Leo Ilusiones
perdidas. (La edición Porrúa esquiva el artículo en el título. En un tiempo lejano, Porrúa fue parte de la
invasión editorial que provocó la revolución, y alcancé a coleccionar un Papá Goriot, una Cartuja de Parma, unas obras de Shakespeare, una Poesía de Góngora. Tiempos de lectura que ahora están
quietos.)
Es obvio que el libro se lee como texto marxista. El acento sobre el ser/tener y
no sobre la conciencia. Uno de los asuntos que encuentro más intrigantes hasta
ahora es la calidad de la crítica a la nobleza.
Una nobleza de primera clase que vive en París (y no
figura en una novela que pertenece más bien a las Escenas de la Vida de
Provincia), otra nobleza provinciana que es vapuleada en el texto, y otra
nobleza natural que es la del poeta.
Podría decirse, incluso, que en la novela el poeta (figura de la incierta
modernidad) es puesto entre paréntesis en su causa noble.

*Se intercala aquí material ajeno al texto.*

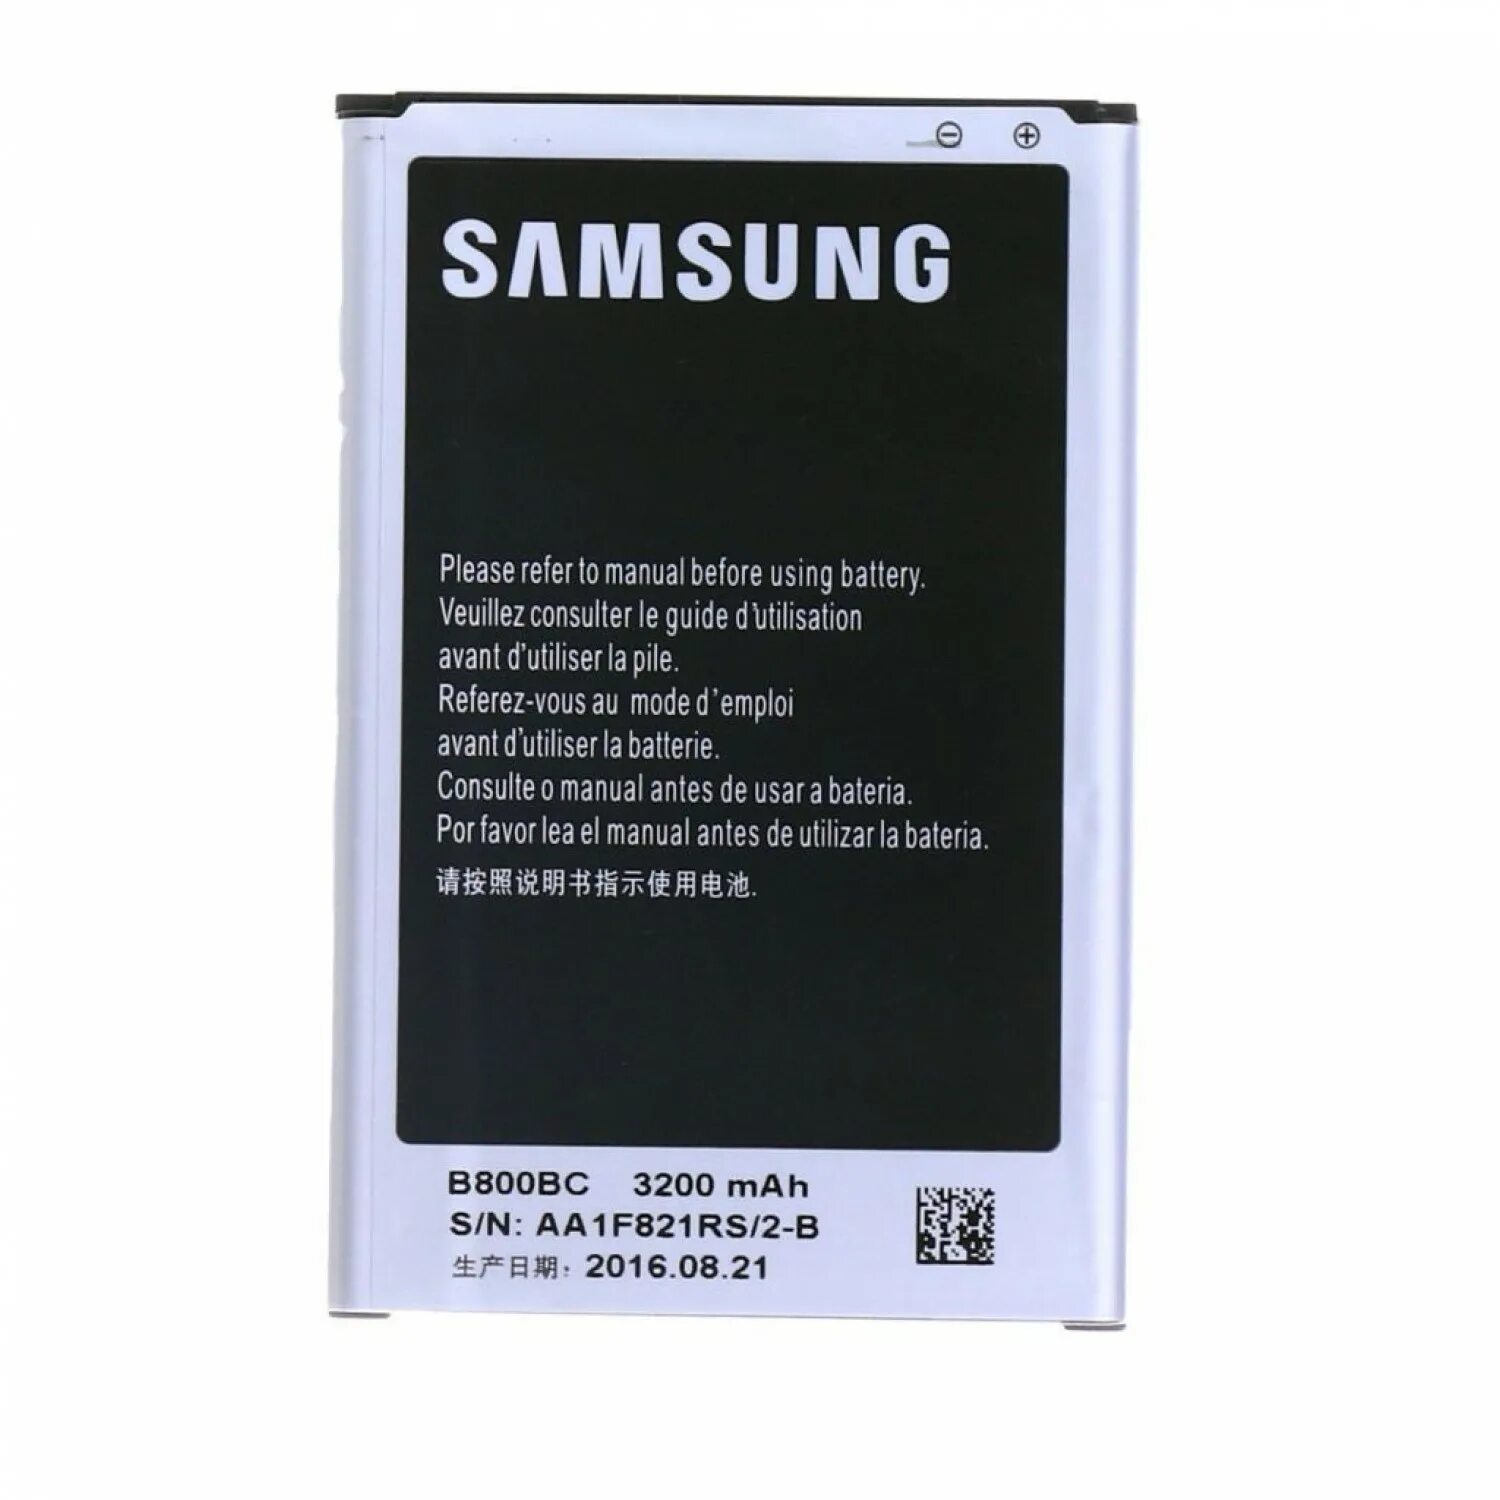 Купить аккумулятор samsung note. Samsung Galaxy s4 Mini аккумулятор. Аккумулятор для Samsung Galaxy Note 3 (n9000)/Note 3 LTE (n9005) (b800be). Аккумулятор Samsung n7000 оригинальный. Аккумулятор для телефона IBATT IB-Samsung-gt-n7000-Galaxy-Note-m389.

Me intriga, pues, la calidad de esa crítica visto
que la burguesía como tal no parece ofrecer modelos ideales. Si uno lo mide por
Sechard, el obrero devenido burgués (un pretérito padre Karamazov) es evidente
que es un mero padecimiento moral antes que la posibilidad de una construcción
creativa y efectiva. Para comenzar no advierte la importancia de los cambios en
la técnica y los medios de producción. No se le ocurre que hay que pasar de las
planchas de madera a las de metal. Y no es casual que la novela comience
discutiendo precisamente el negocio de la impresión, ese conglomerado de la
letra, la técnica y la industria.
La ilusión
opera en el vínculo del hijo de Sechard con Lucien, y la justificación política-estética sobre
éste está basada en el argumento de la nobleza de sangre. El proyecto político
del poeta es el de la aristocracia. Al llegar a la página 45 uno se entera:
“Luisa hizo abjurar a Luciano sus ideas populares acerca de la quimérica
igualdad de 1793, despertó en él la sed de distinciones (…) y le mostró la alta
sociedad como el único teatro que debía frecuentar.”